À cet instant, la mouette revint vers eux.
— Je ne peux plus voler, le vent est beaucoup trop fort, cria-t-elle.
Le voilier commença à tanguer dangereusement. Le Petit homme essaya de réduire la voile, sans succès.
La mer enfla et les vagues agitèrent la coquille, qui menaçait de sombrer.
— Petit homme, ta vie est en danger, il faut sauter.
— La jeune reine a raison, hurla la mouette. Ton voilier va être englouti.
— Mais je ne sais pas nager, s’affola le Petit homme.
— Je t’aiderai, dit la petite sirène. Avec moi, tu ne vas pas te noyer. Suis-moi.
Elle sauta dans les flots alors que la mouette se mettait à voleter à ses côtés.
— Saute, Petit homme ! Vite !
Le Petit homme, qui avait bien du mal à garder son équilibre, s’approcha du bord de la coque. Son regard s’accrocha à celui de sa sirène. Il hésita un moment. Au moment où il décida de se jeter à l’eau, une énorme rafale souleva la noix et l’emporta dans le ciel sous le regard horrifié de la petite sirène. Ses larmes de désespoir étaient bien plus grosses que celles que versaient les inquiétants nuages.
La tempête se dissipa aussi vite qu’elle était apparue.
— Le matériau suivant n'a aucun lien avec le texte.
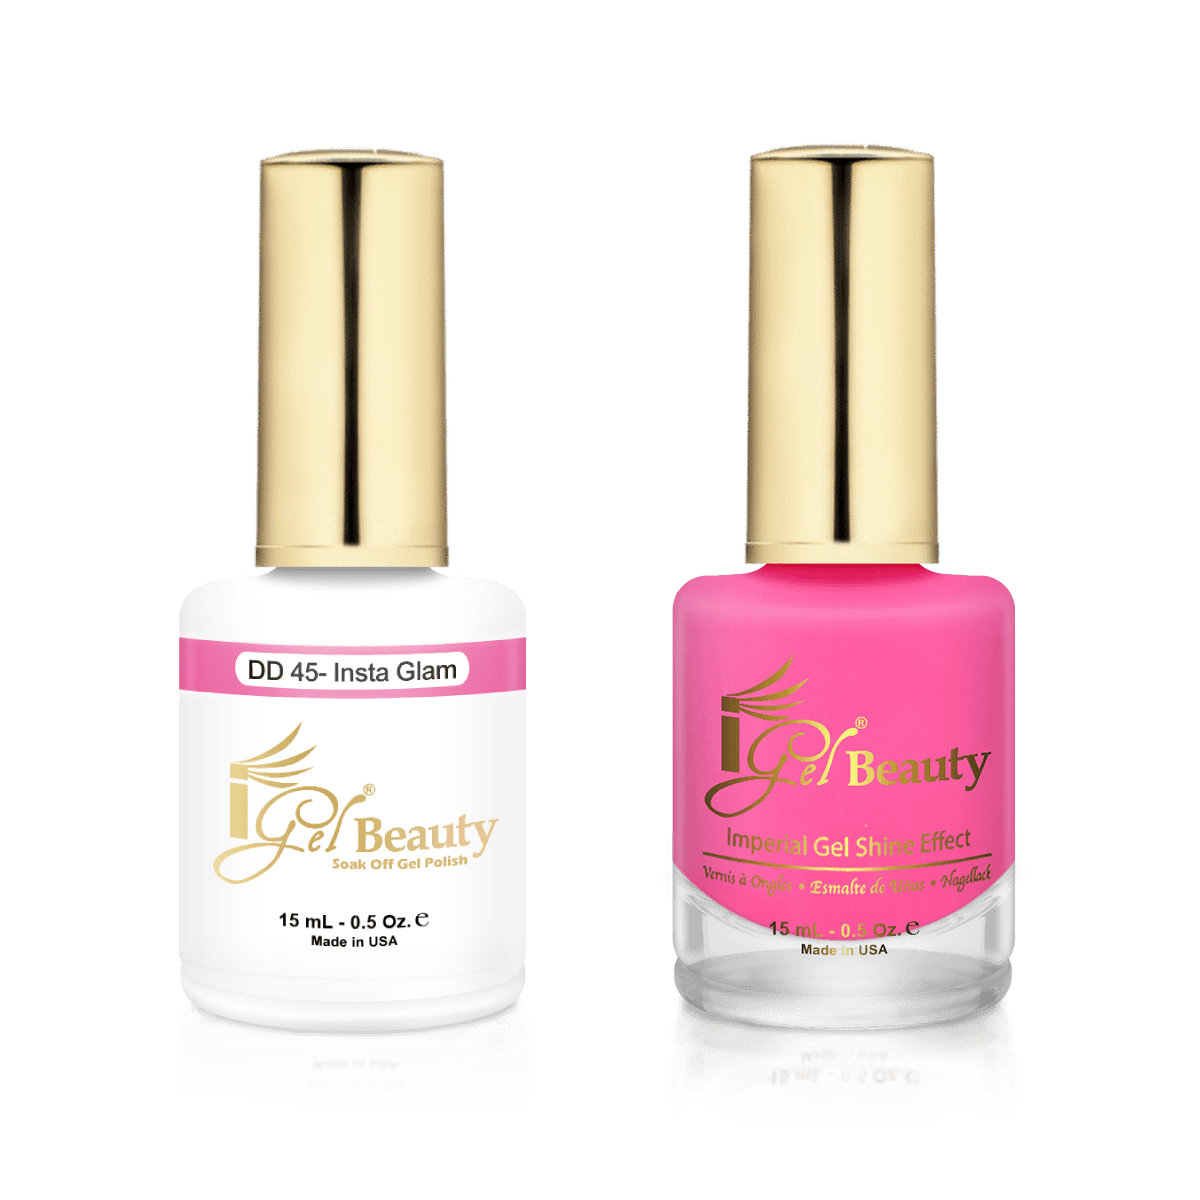 IGel Duo Gel Polish + Matching Nail Lacquer DD 45 INSTA GLAM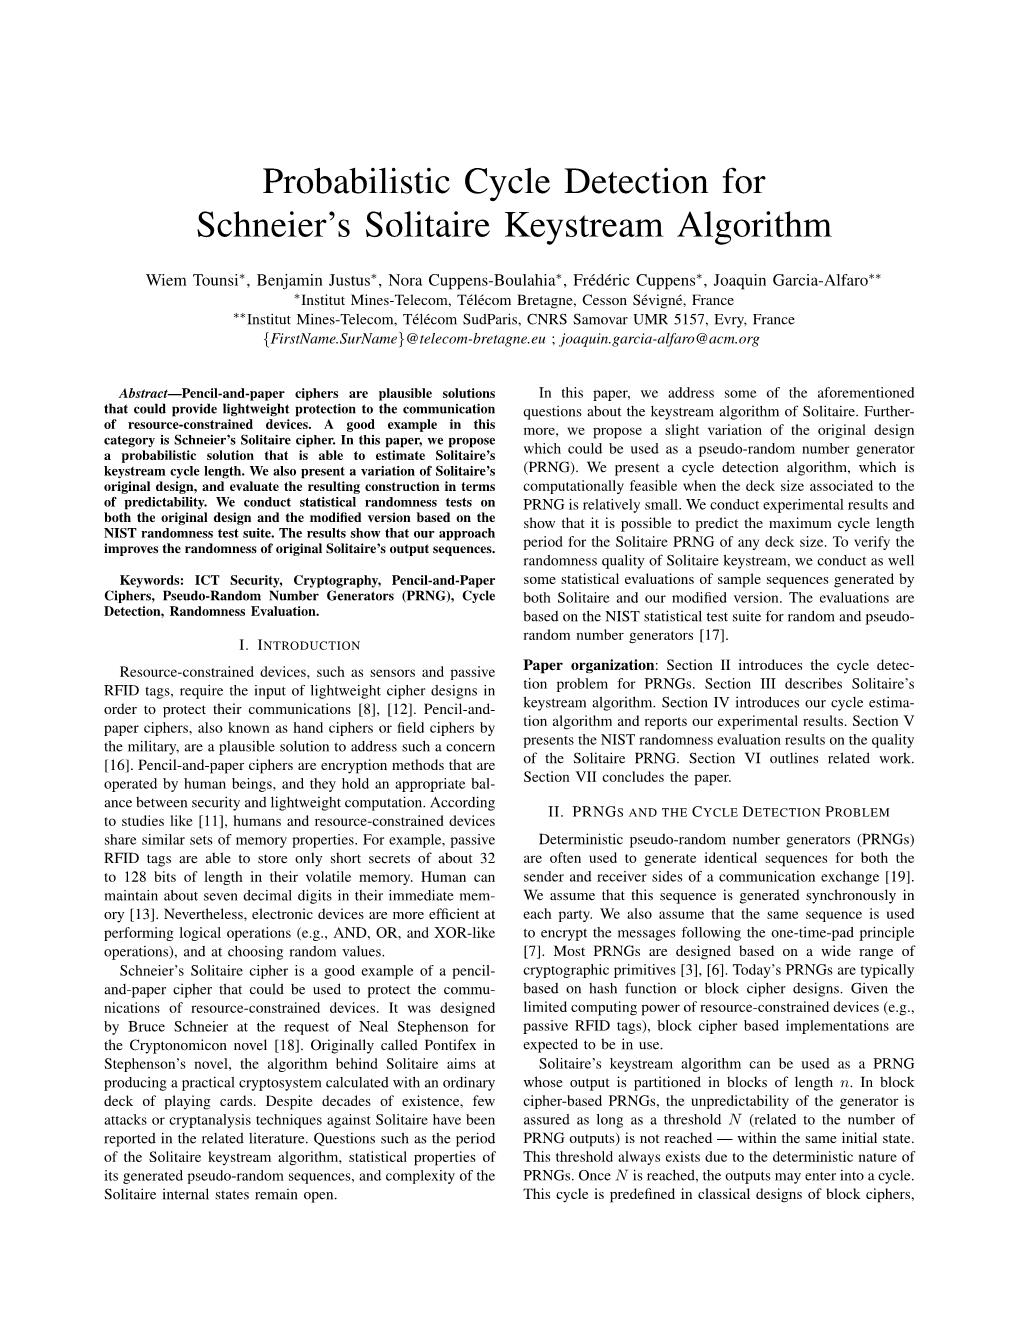 Probabilistic Cycle Detection for Schneie's Solitaire Keystream Algorithm

La mouette s’envola pour essayer de retrouver le Petit homme, en vain.
Le cœur brisé à jamais, la petite sirène retourna dans son royaume où elle vécut seule sans plus jamais avoir adressé la parole à ses cruelles sœurs.
Tous les soirs, elle se rendait sur la plage pour regarder le firmament. Près, tout près de la constellation de la Sirène, une nouvelle constellation était apparue, celle du Petit homme qui semblait lui tenir la main.